Fausto Podavini | THE ILLUSION OF DREAMS

Oyoub was selling legumes in downtown Srinagar, in 1985 he disappeared from home: he may have
been the first Kashmiri to cross the border with Pakistan to go to the militar camps organized by the
CIA to train the mujahideen to fight against the Sovietic Union in Afghanistan. In the next years,
thousands of young men from the Kashmir valley followed the same path: this time the goal was the
liberation of Kashmir from the Indian occupation.
Oyoub in the early 90’s quickly became one of the heroes of the armed resistance in Srinagar.
Tens of men under his command made his neighbourhood an impenetrable stronghold for the Indian
army.
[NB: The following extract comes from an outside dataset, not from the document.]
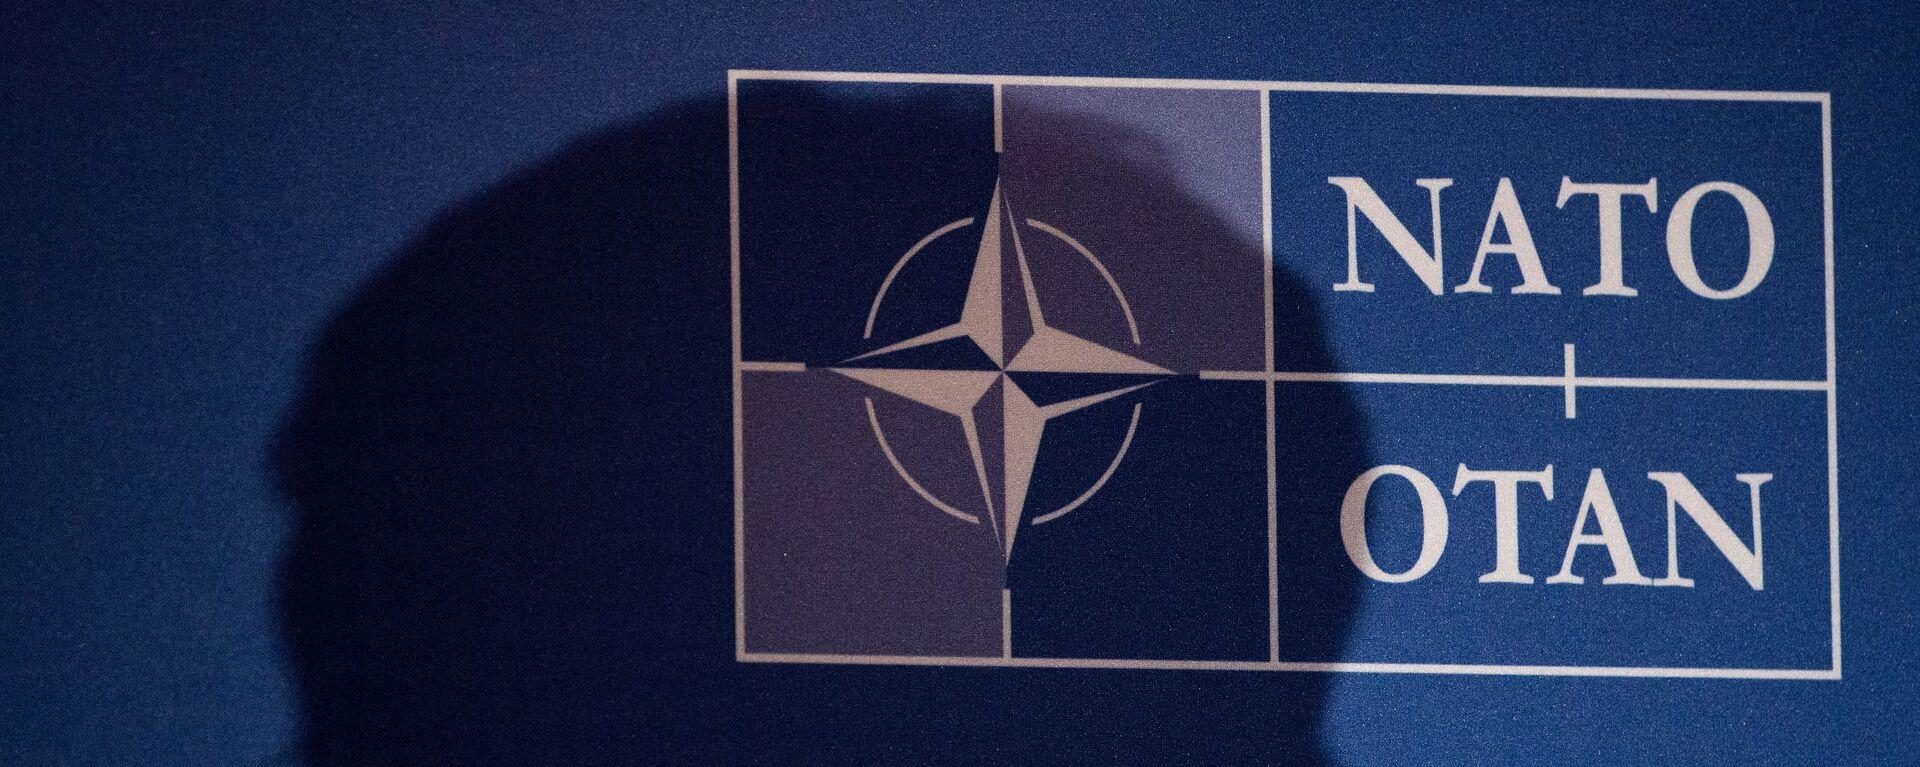 Logo de la OTAN - Sputnik Mundo, 1920, 18.02.2021

In September 1993, the rise of Oyoub got a stop by the explosion of a mine he was working
on: he became blind and crippled for the rest of his life, and a helpless witness of the failure of the
separatist fight of the 90’s.
War between India and Pakistan started around 68 years ago, when both countries became
independent, even with radically different ideas of nationalism: on one side a laic, multicultural and
multi-religious country, on the other side, ideas based on Islam.
The state of Kashmir has been an exception in the context of the division on a religious base
because, even though its population was mainly Muslim, the Hindu sovereign Maharaja Hari Singh
decided to sign the annexation with the Indian Union.
This fight is still going on, but it’s dominated by the grandiosity of the Indian military intervention.
The uprisings between 2008 and 2010 and the recent fights in which has been involved the
generation that grow up in the most intense years of the conflict, once more gave political results.
In 2014, the Foreign Minister of Pakistan sent a letter to the United Nations appealing for the
resolution of the crisis. Anyway, the UN ignored his proposal and confirmed that the controversy
must be resolved with bilateral discussions.
Only in 2015, the victims of the conflict for the independence have been 172 between civils,
military and activists, while around 100,000 are the people killed during the armed revolts and the
next military operations from 1989 since today.